Dennett's not very cogent here. Why should the mind be made up of subordinate minds? Is this just to say the brain as a huge neuron consists of subordinate single cell neurons? Philosophers stay the f... out of science. My frustration is what's the point of philosophizing about the mind as consisting of subordinate minds. I don't see any other then attempting to give an analogical account of how the mind works under the idea of the computer and evolutionary competition. I just don't see how this adds to our understanding.

Posted by: Socrates | Jan 20, 2013 5:52:22 PM

Dramatic over-simplification is a huge understatement! The brain can not simply work on its own,neurons cant exsist all by themselves and become a structuerd being. The brain works like a apprentice, slowerly moving forward picking up infomation on the way, learning from some great master.Nature? However you can see the parreles with computers. The brain is much like your home computer, when you down oad a program to your computer it is gaining more infomation and the timming is just as inportant. We will see, If Algorithms predict the futre one day this will prove that Nature,men, brains, nuerons are all a computer program!

Posted by: Graham Bowman | Jan 20, 2013 6:09:11 PM

Dramatic over-simplification is a huge understatement! The brain can not simply work on its own, neurons can not exist all by themselves and become a structured being. The brain works like a apprentice, slow moving forward picking up information on the way, learning from some great master. Nature? However you can see the Parallels
with computers.
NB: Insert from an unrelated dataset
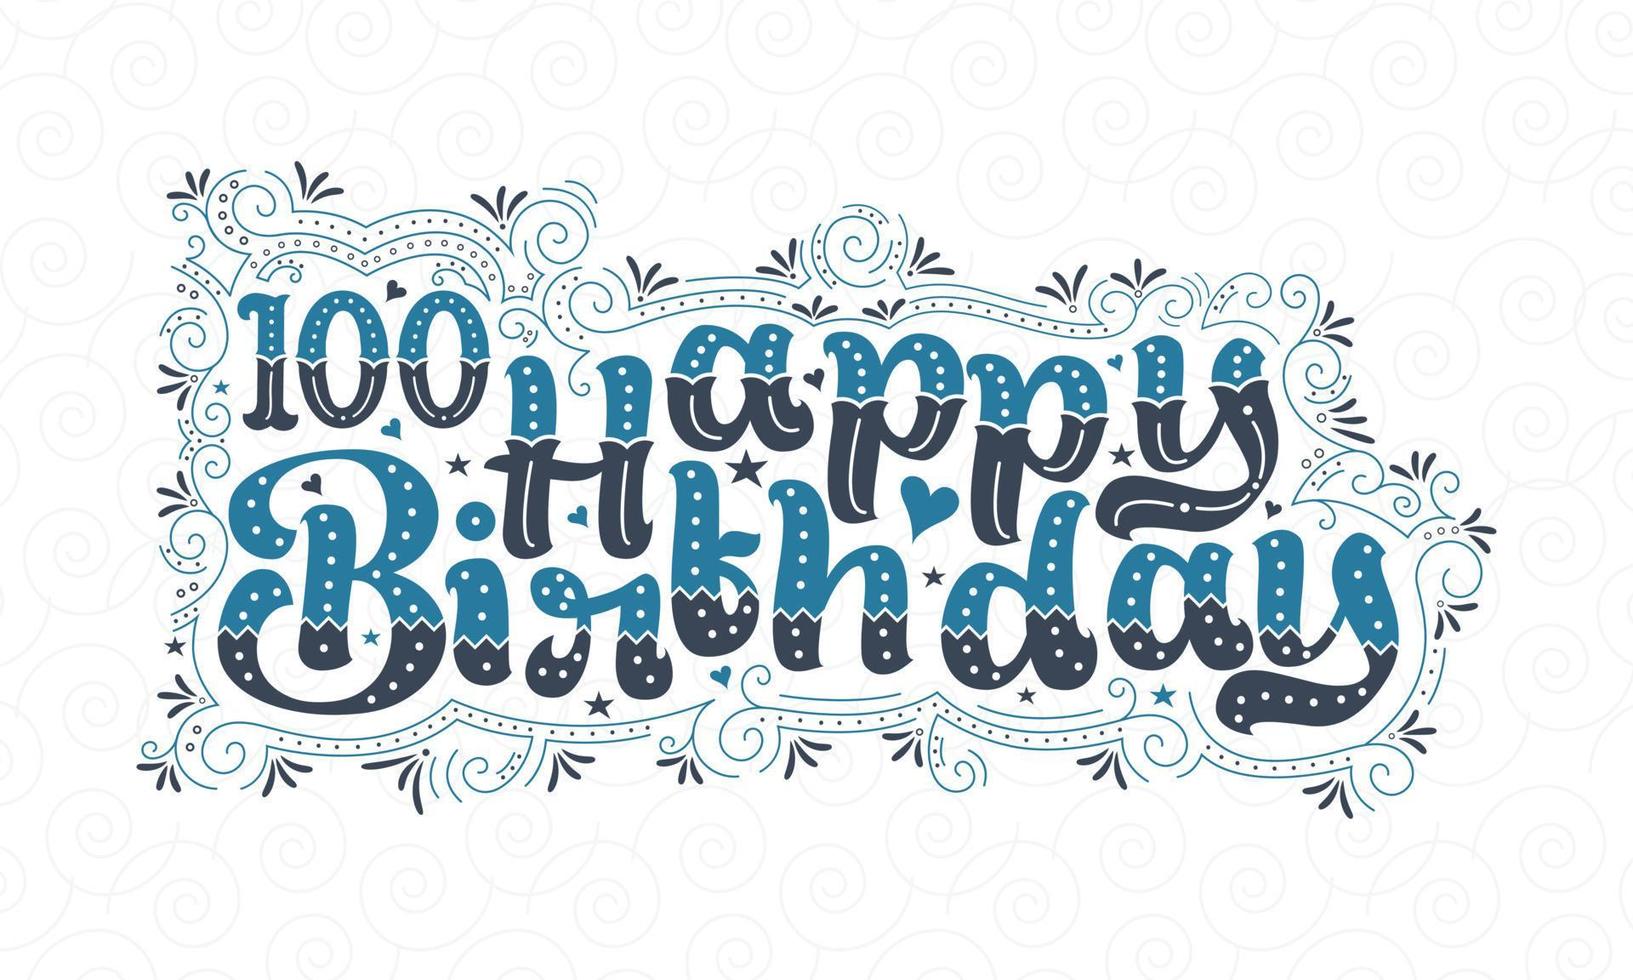 100e gelukkige verjaardag belettering, 100 jaar verjaardag mooi typografieontwerp met blauwe en zwarte stippen, lijnen en bladeren. vector
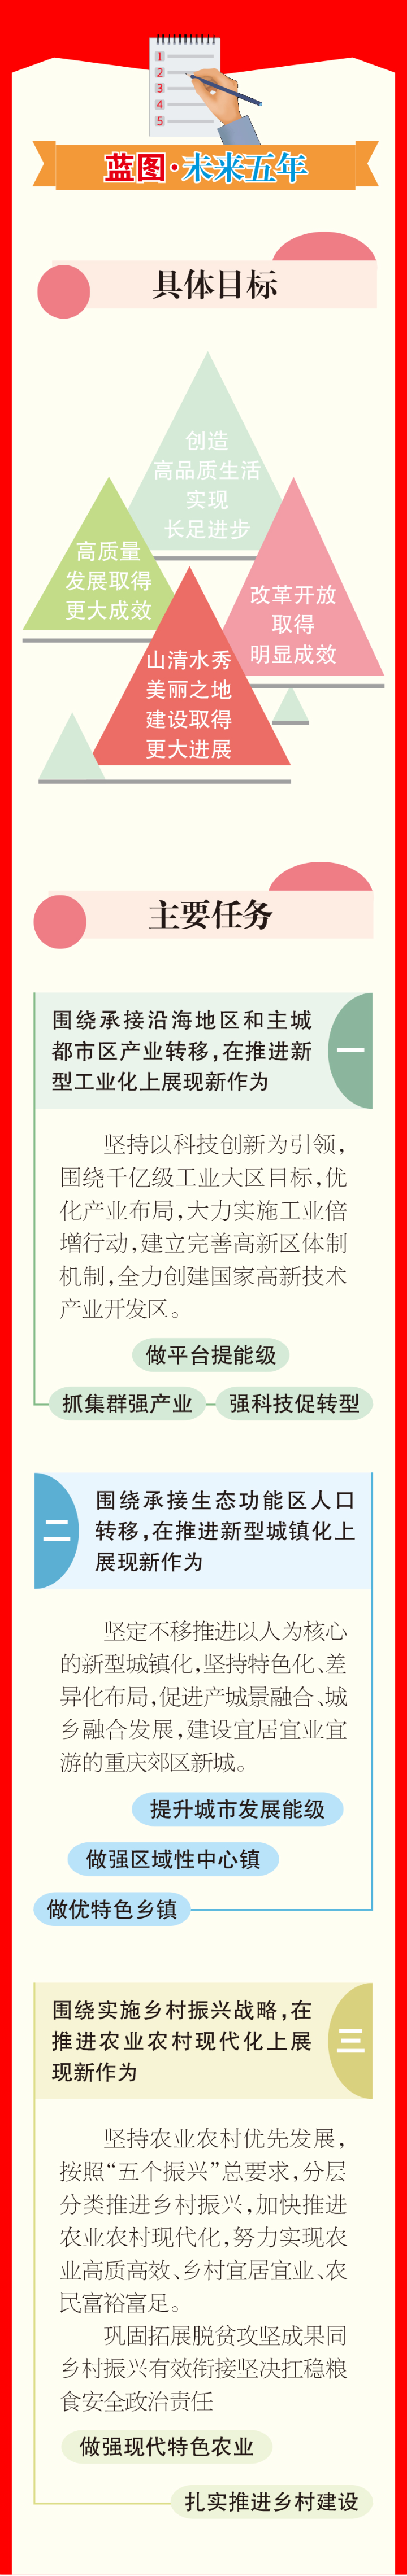 一图读懂 | 重庆市梁平区人民政府工作报告

The brain is much like your home computer, when you download a program to your computer it is gaining more information and the timing is just as important. We will see, If Algorithms predict the future one day this will prove that Nature, men, brains, neurons are all a computer program!

Posted by: Graham Bowman | Jan 20, 2013 6:18:51 PM

This is a lot of philosophical non-sense. Period!

Posted by: Félix E. F. Larocca, MD | Jan 20, 2013 7:20:19 PM

The brain is nothing without the body.

Posted by: olavi valo | Jan 20, 2013 7:38:16 PM

Brain and brain!

What is brain?

Posted by: Abby Normal | Jan 20, 2013 9:56:01 PM

Daniel Dennett is my favorite philosopher. I'm very glad to see his style and range highlighted here on 3QD.

This particular article clarifies for me why I like to read him. He's accessible and relevant, a wonderful example of what I call "a free-range intellect."

And on the off-chance he or some compatriot might read this comment, I'd like to throw out an evolutionary speculation: What if some bit of meta-DNA got mixed in with bits that build the brain, and that's how language abilities first randomly got their mutational start?

Posted by: LWP | Jan 21, 2013 3:41:35 AM

Obviously, Dennett pushes the buttons of the uneasy among us.
The literacy on the subject is a bit chewy for the lay person.